REQUIREMENT: Leaving out the images, return the data below exactly as it is written.

RECORDED INFORMATION:
************

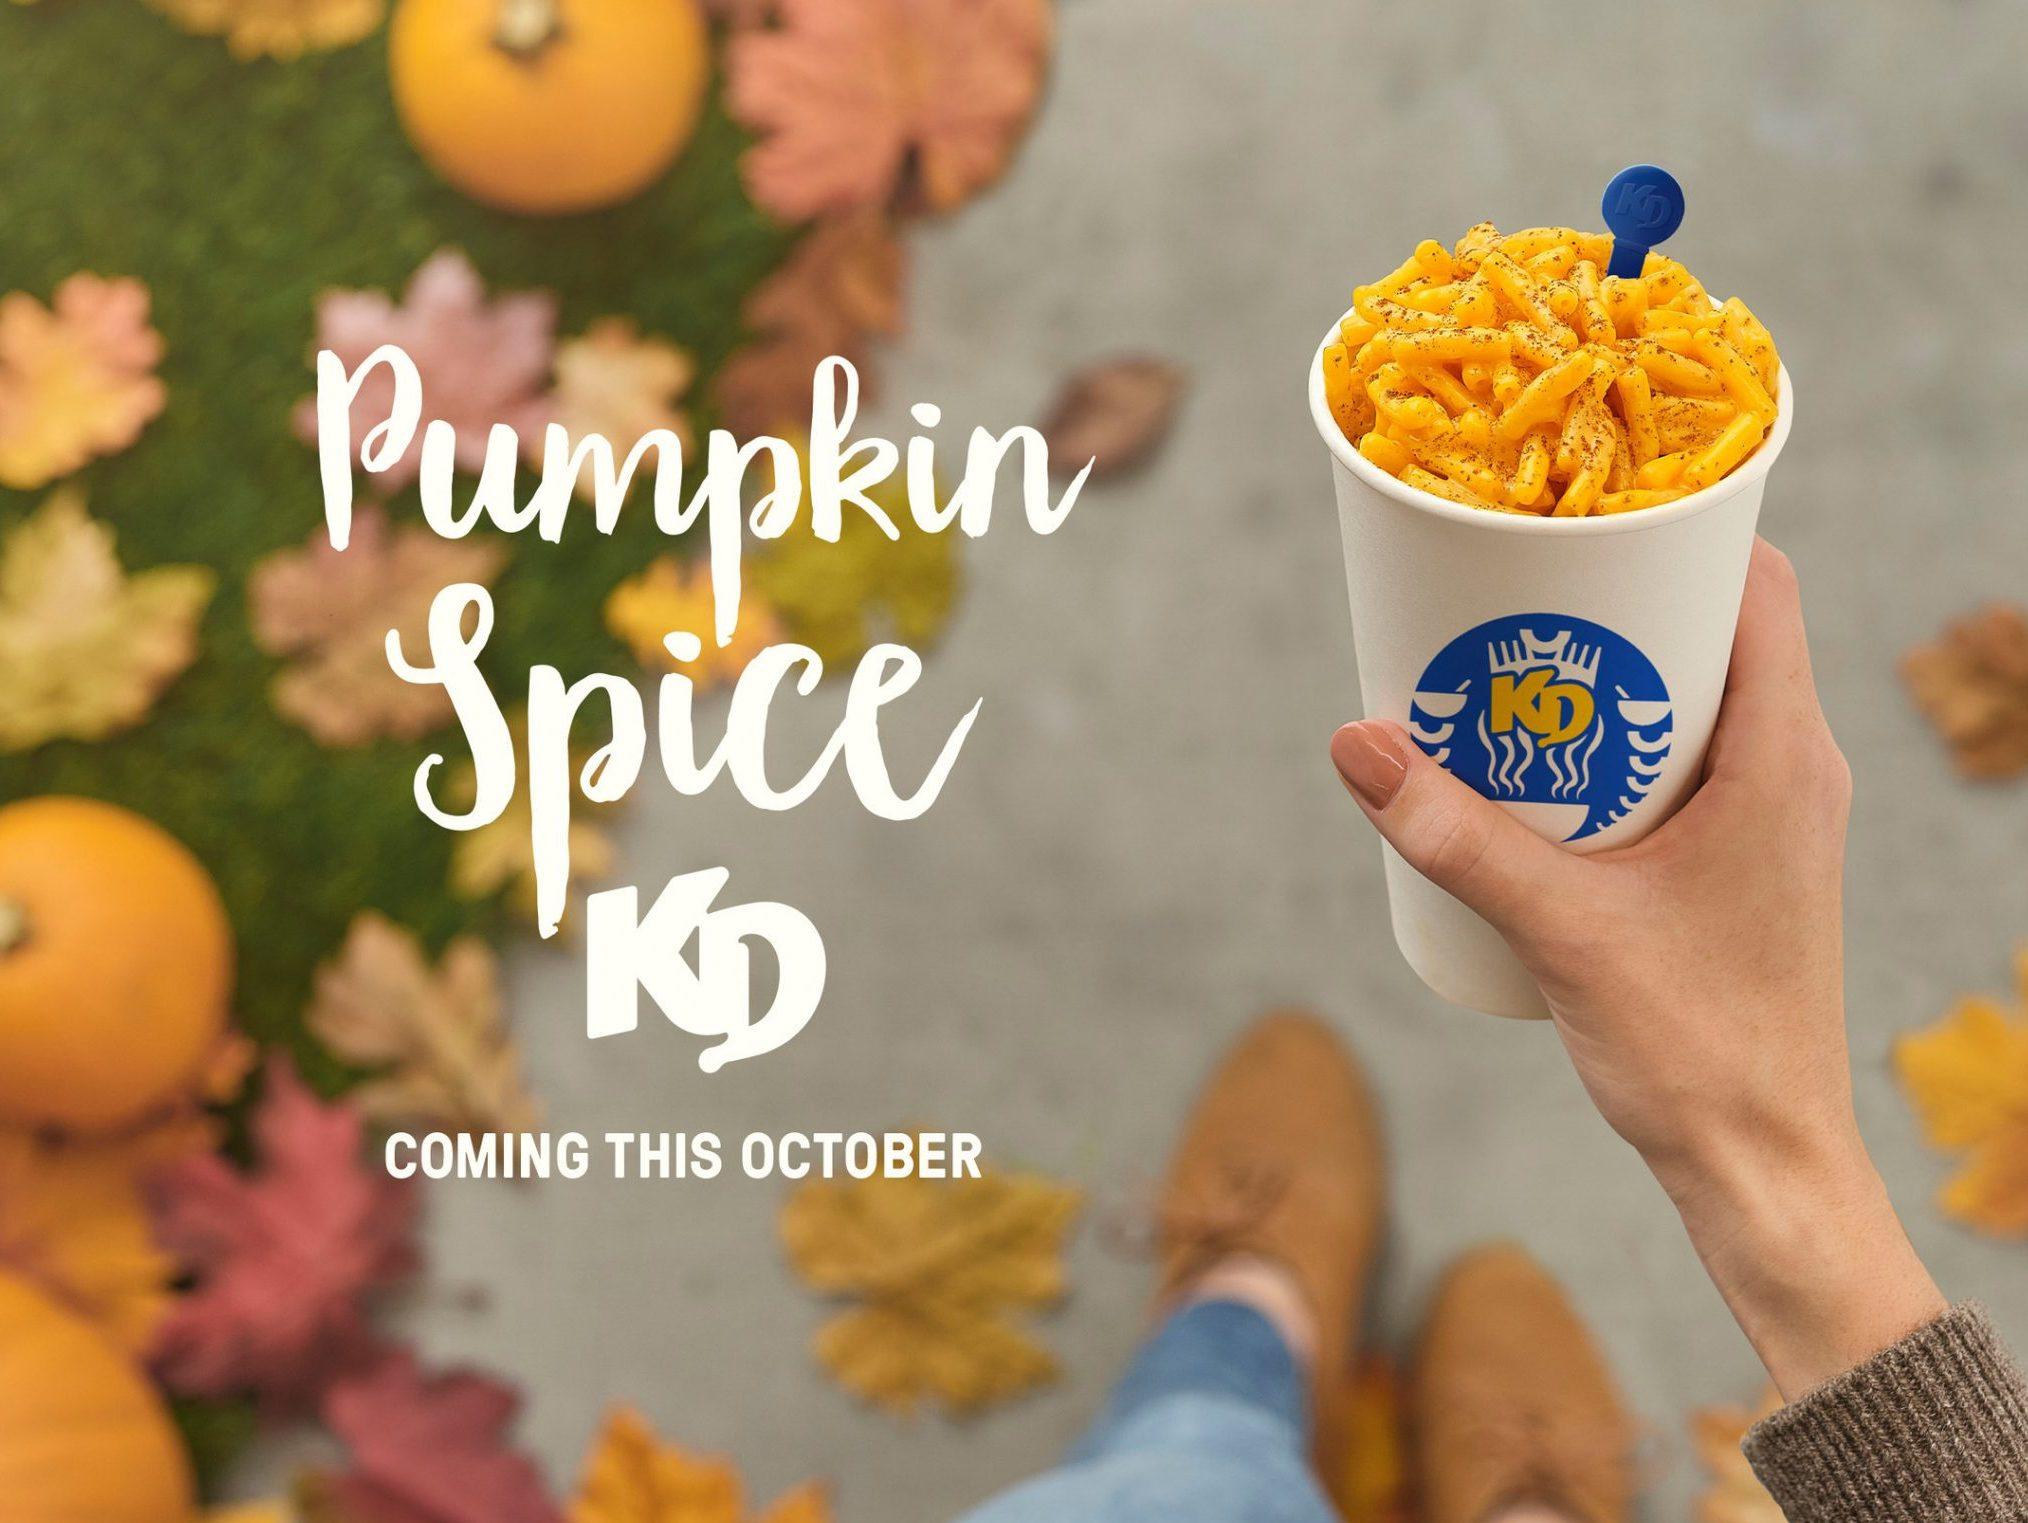 Kraft Dinner Releasing Limited Edition Pumpkin Spice Kd photo
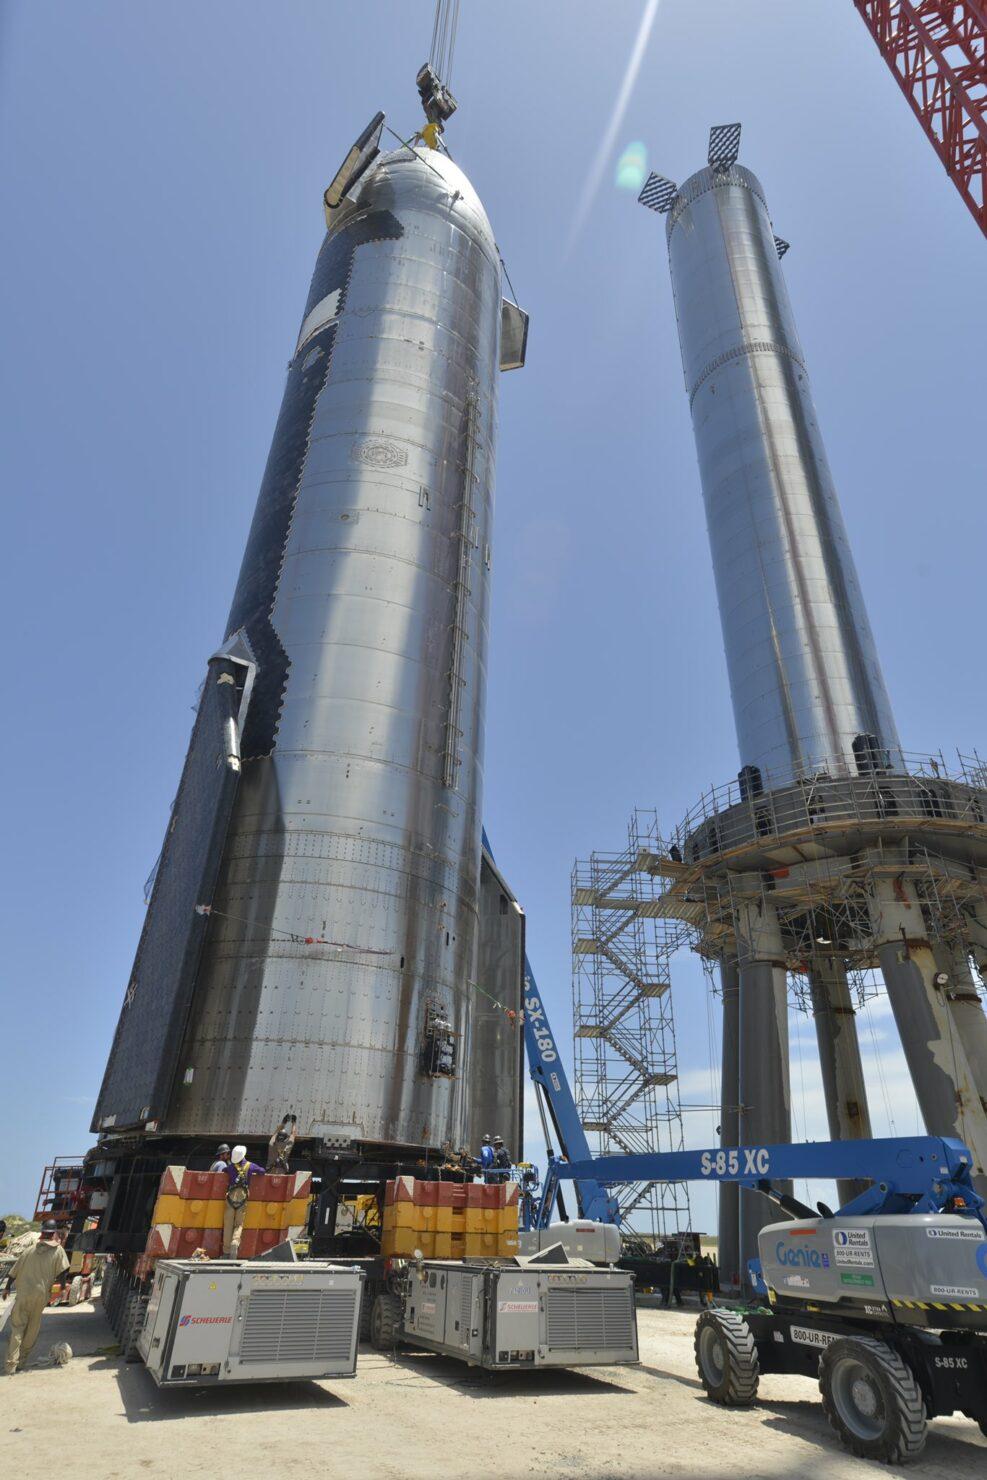 SpaceX Starship Super Heavy
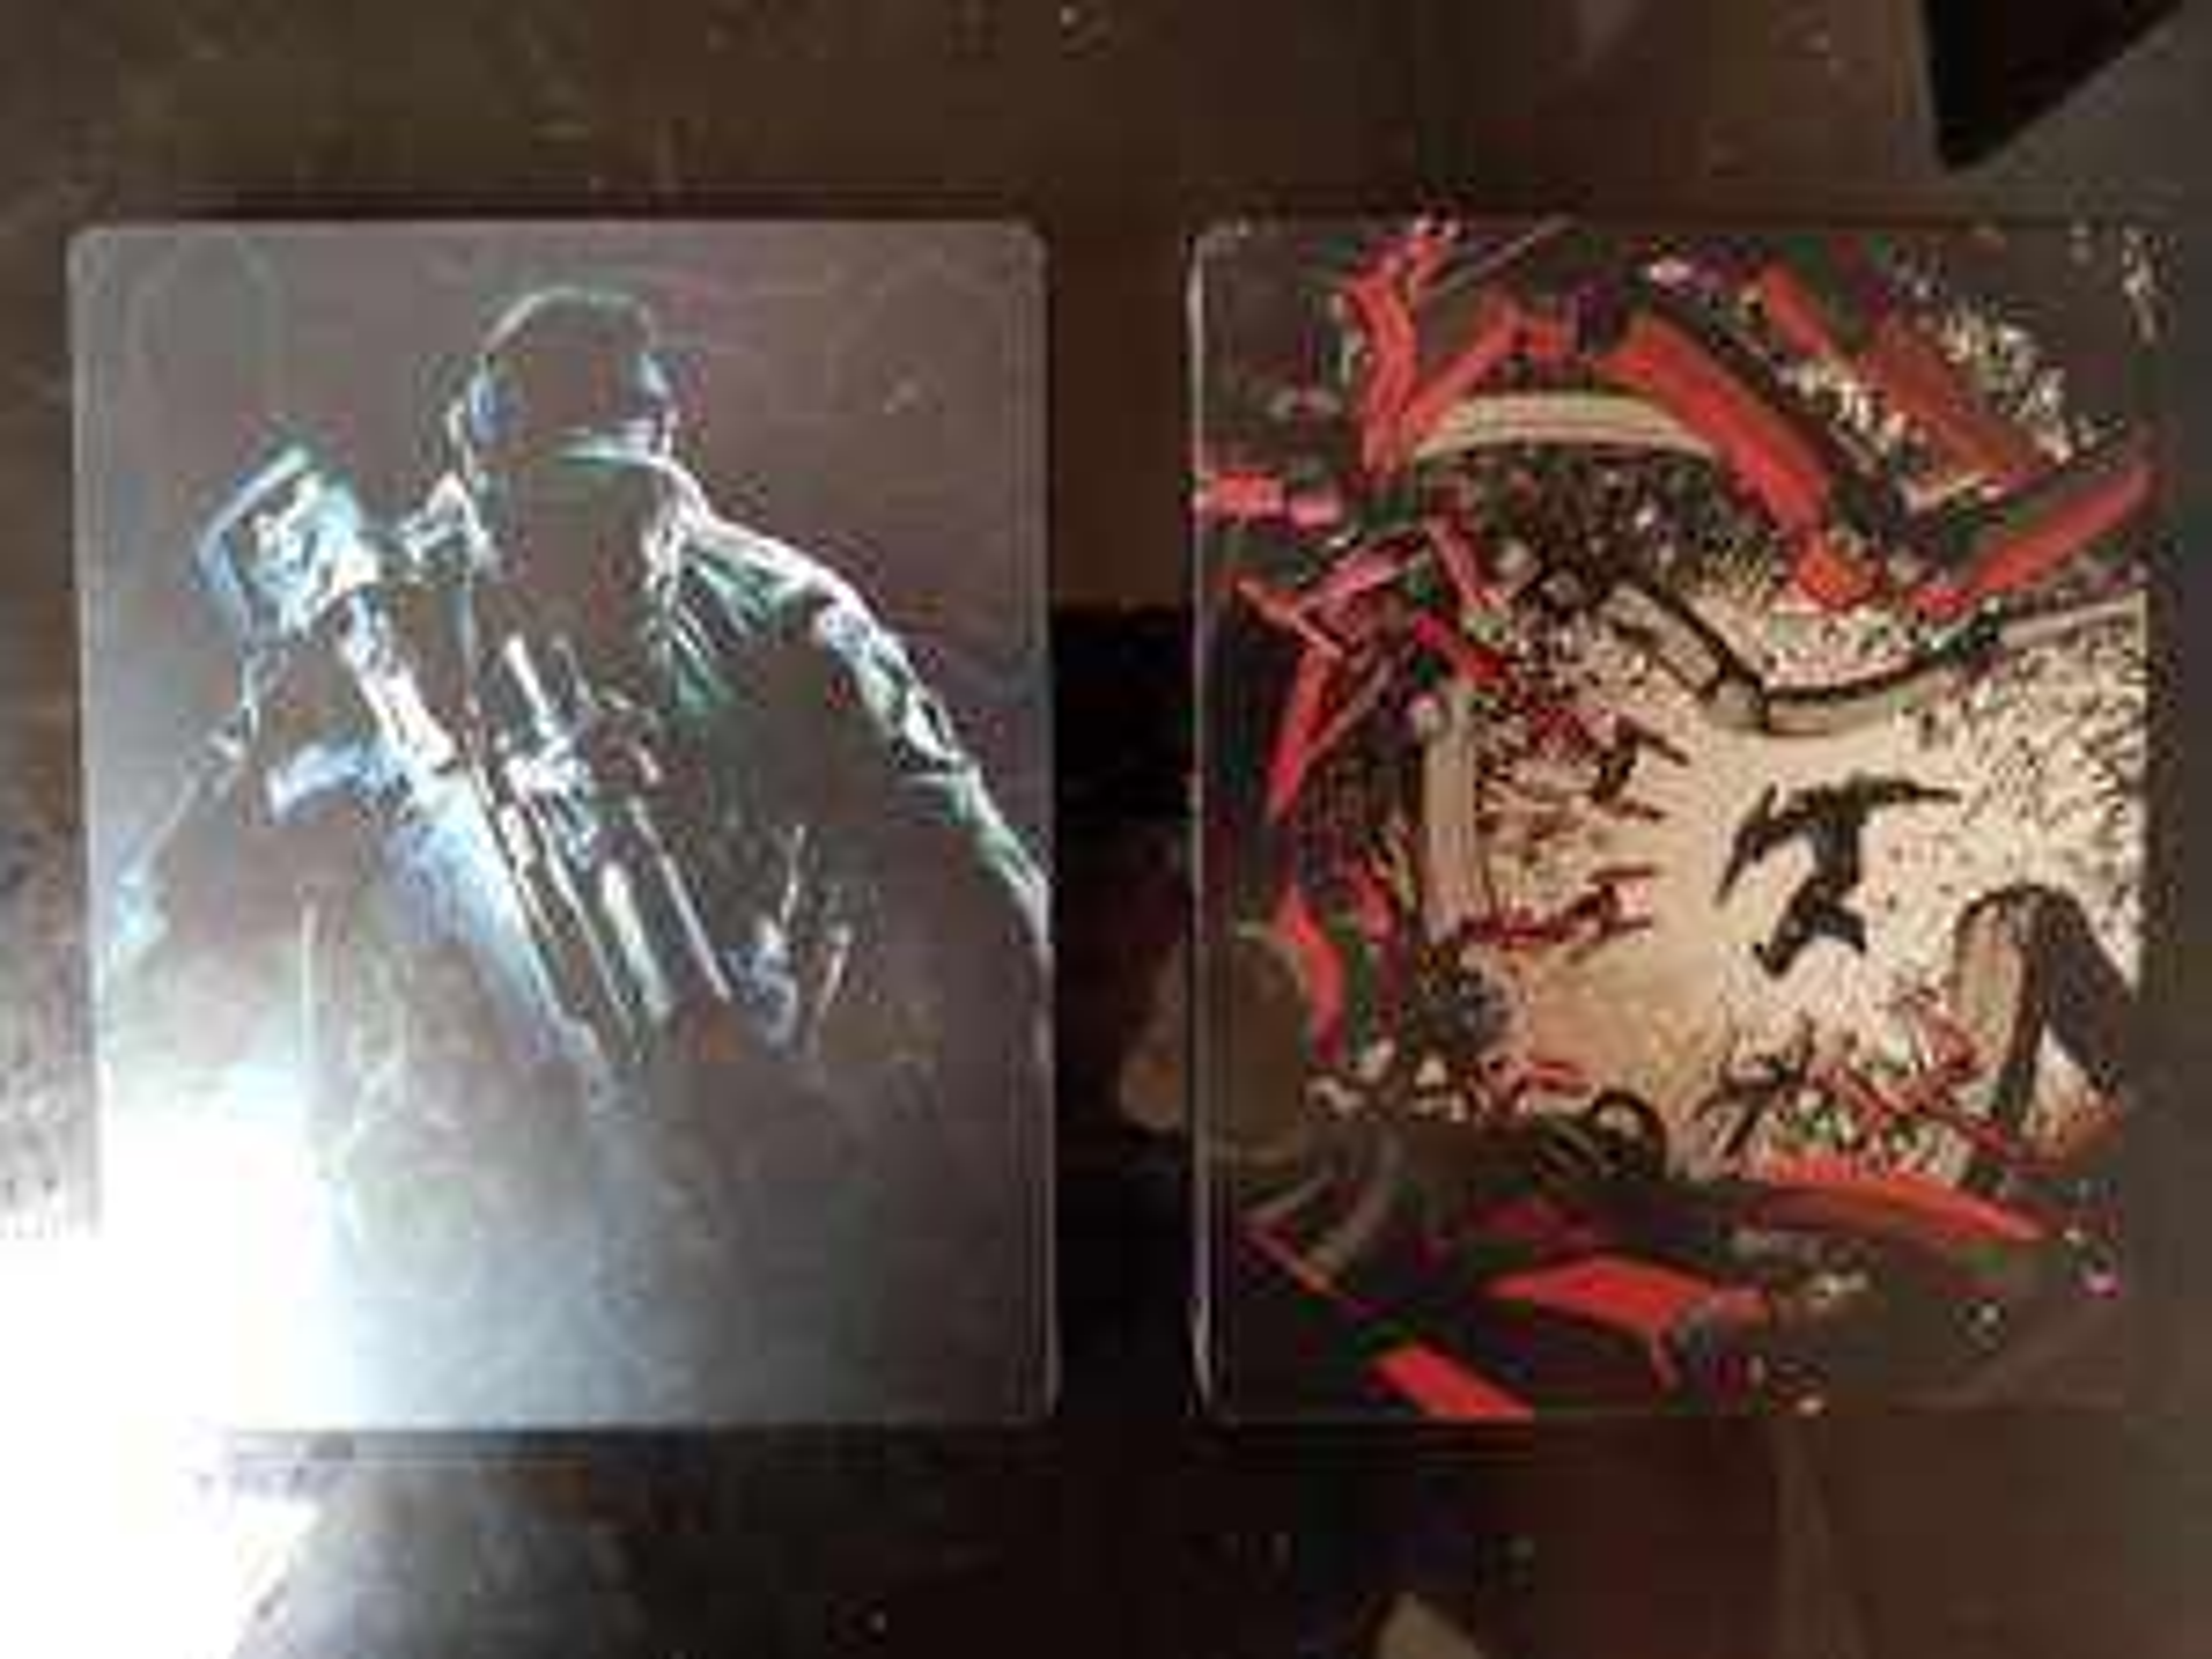 Steelbook Sniper: Ghost Warrior 3 ou The Surge gratuits

************

SOLUTION BELOW:
 Kraft Dinner Releasing Limited Edition Pumpkin Spice Kd photo
 SpaceX Starship Super Heavy
 Steelbook Sniper: Ghost Warrior 3 ou The Surge gratuits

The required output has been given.